Customers With Strictly Increasing Purchases - Leetcode Solution

The Customers With Strictly Increasing Purchases problem on Leetcode asks us to find the number of customers who have strictly increasing purchases in consecutive months.

To solve this problem, we can iterate through the input array and keep track of the previous purchase amount for each customer. If the current purchase amount is strictly greater than the previous purchase amount, we can increment a counter. At the end, we return the counter.

Here’s the code to solve the Customers With Strictly Increasing Purchases problem:

def increasing_customers(purchases):
    count = 0
    prev_purchases = {}
    for i in range(len(purchases)):
        customer_id = purchases[i][0]
        purchase_amount = purchases[i][1]
        if customer_id not in prev_purchases:
            prev_purchases[customer_id] = purchase_amount
        else:
            if purchase_amount > prev_purchases[customer_id]:
                count += 1
            prev_purchases[customer_id] = purchase_amount
    return count

The function takes an input array purchases where each element is a tuple (customer_id, purchase_amount) representing a purchase by a customer. The function returns the number of customers with strictly increasing purchases.

We start by initializing a counter count to 0 and a dictionary prev_purchases to keep track of the previous purchase amount for each customer.
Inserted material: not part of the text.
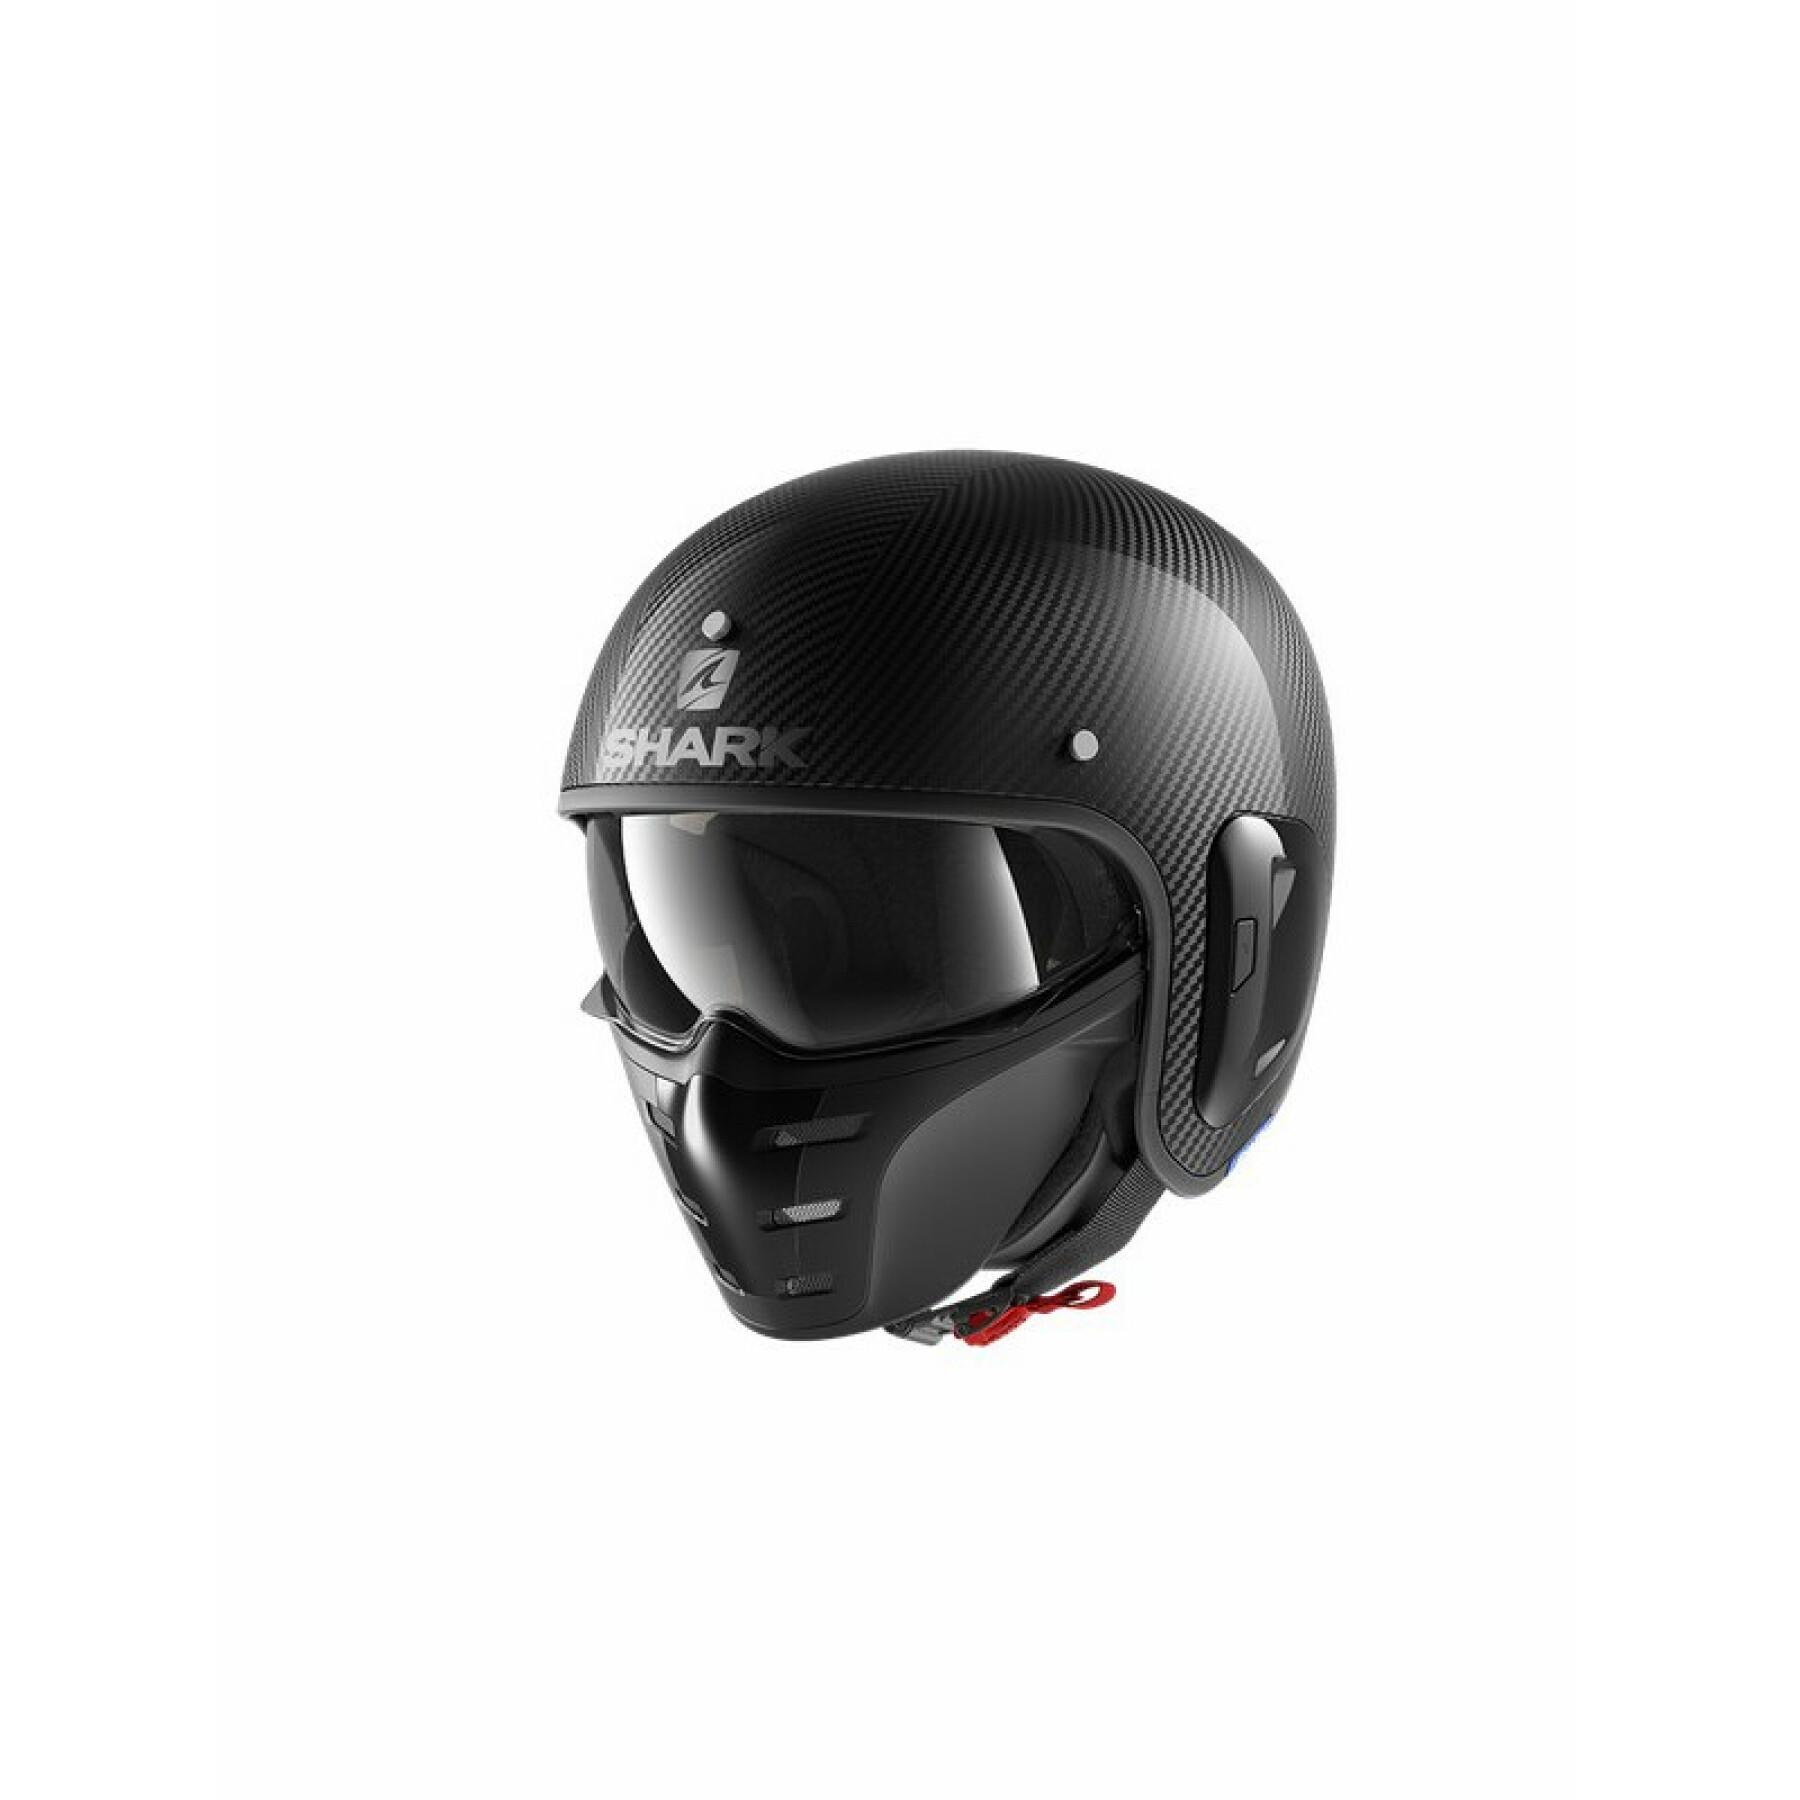 Jet motorcycle helmet Shark s-drak 2 carbon skin

We iterate through the input array using a for loop and extract the customer ID and purchase amount for the current purchase. If the customer ID is not in the dictionary, we add it to the dictionary and set its corresponding previous purchase amount to the current purchase amount. If the customer ID is in the dictionary, we check if the current purchase amount is strictly greater than the previous purchase amount. If it is, we increment the counter count. Finally, we update the dictionary with the current purchase amount for the customer ID.

At the end of the loop, we return the counter count representing the number of customers with strictly increasing purchases.

Overall, the time complexity of this solution is O(n) where n is the length of the input array since we iterate through the array once. The space complexity is also O(n) because we use a dictionary to store the previous purchase amount for each customer.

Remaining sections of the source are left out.